North Tahoe-Truckee’s last bookstore delays closure in hopes of selling
TRUCKEE, Calif. — The back cover on the Truckee Bookshelf story hasn’t shut just yet.
Owner Debbie Lane has decided to keep the bookstore open a little longer than originally planned in hopes someone will come forward to buy and continue running the business.
“I really wanted to see Truckee keep the Bookshelf, “ Lane said. “ … I would like to know a bookstore will continue, hopefully sooner rather than later.
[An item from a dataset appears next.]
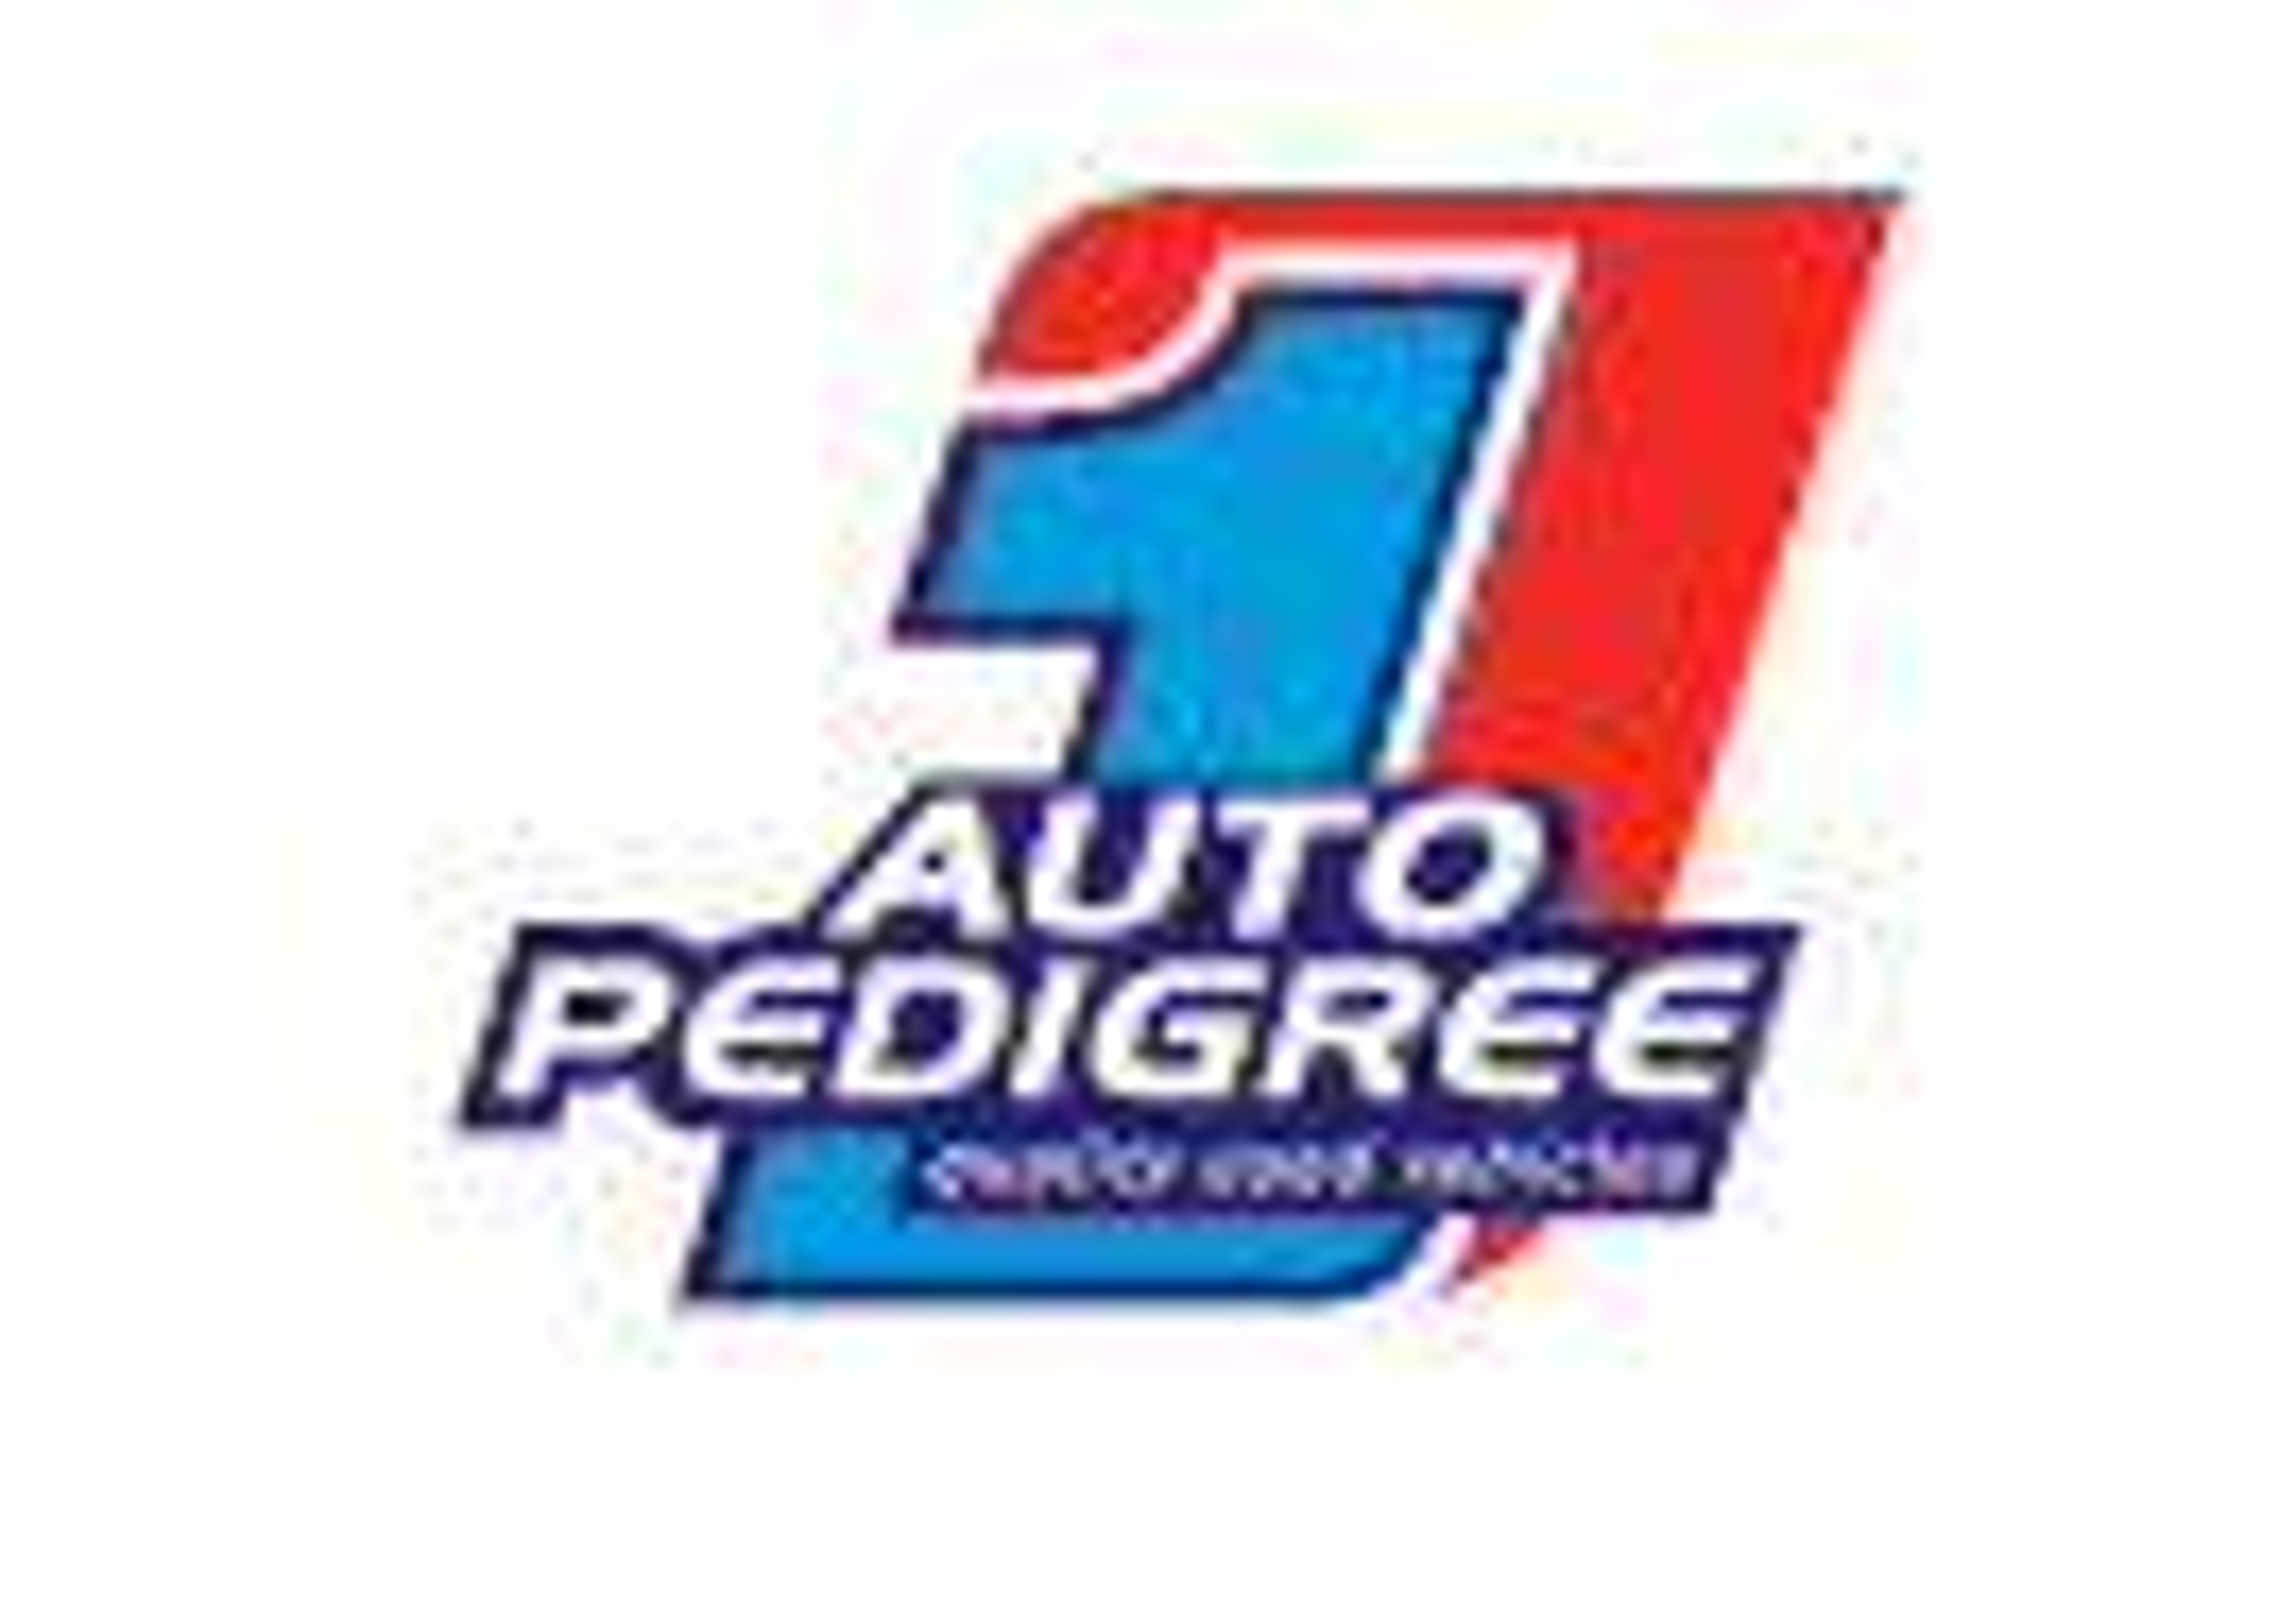 Auto Pedigree

After all, it has been my life’s work.”
Lane, who has owned the business for 23 years, decided last year to list it for sale, so she may retire and spend time traveling with her husband and visiting family.
At the time, the bookstore’s three-year lease was coming up (Jan. 31, 2016), and the 68-year-old proprietor was optimistic the business would sell by then.
While its listing through Dickson Realty has garnered interest from potential investors, none are interested in managing the bookstore, Lane said.
Rather than let the business close as a result, Lane has decided to delay her retirement and remain at the helm through Sept. 30, with the hope a buyer can be found or a co-op formed in that time.
“I love what I do and have for the past 23 years,” she said. “If we don’t find a buyer, I guess I will have to let go — but not quite yet.”
Since its long-term lease expired at the end of last month, the business at 11429 Donner Pass Road in the Westgate Shopping Center is now operating on a month-to-month lease, Lane said.
As of Thursday, the Bookshelf has been on the market for 173 days, according to Dickson Realty, with an asking price of $55,000, not including store’s inventory books, journals and more.
The value of the store’s inventory is roughly $90,000, Lane said.
“I am optimistic we will find a buyer … because we have some investors who want the store here,” she said. “… I think it’s important for (the) investor/manager to have a vested interest in the Bookshelf.”
The Bookshelf is the last remaining bookstore in Truckee/North Shore region, and when its sales were down in 2013 due in part to online competition and a then-recent move from its 20-year location in the Gateway Center, the community rallied behind it to keep its doors open.
“I hear all the time: ‘We love your bookstore. I wish I could buy the Bookshelf. Please don’t close,’” Lane said. “… They are our people, we don’t want to let them down.”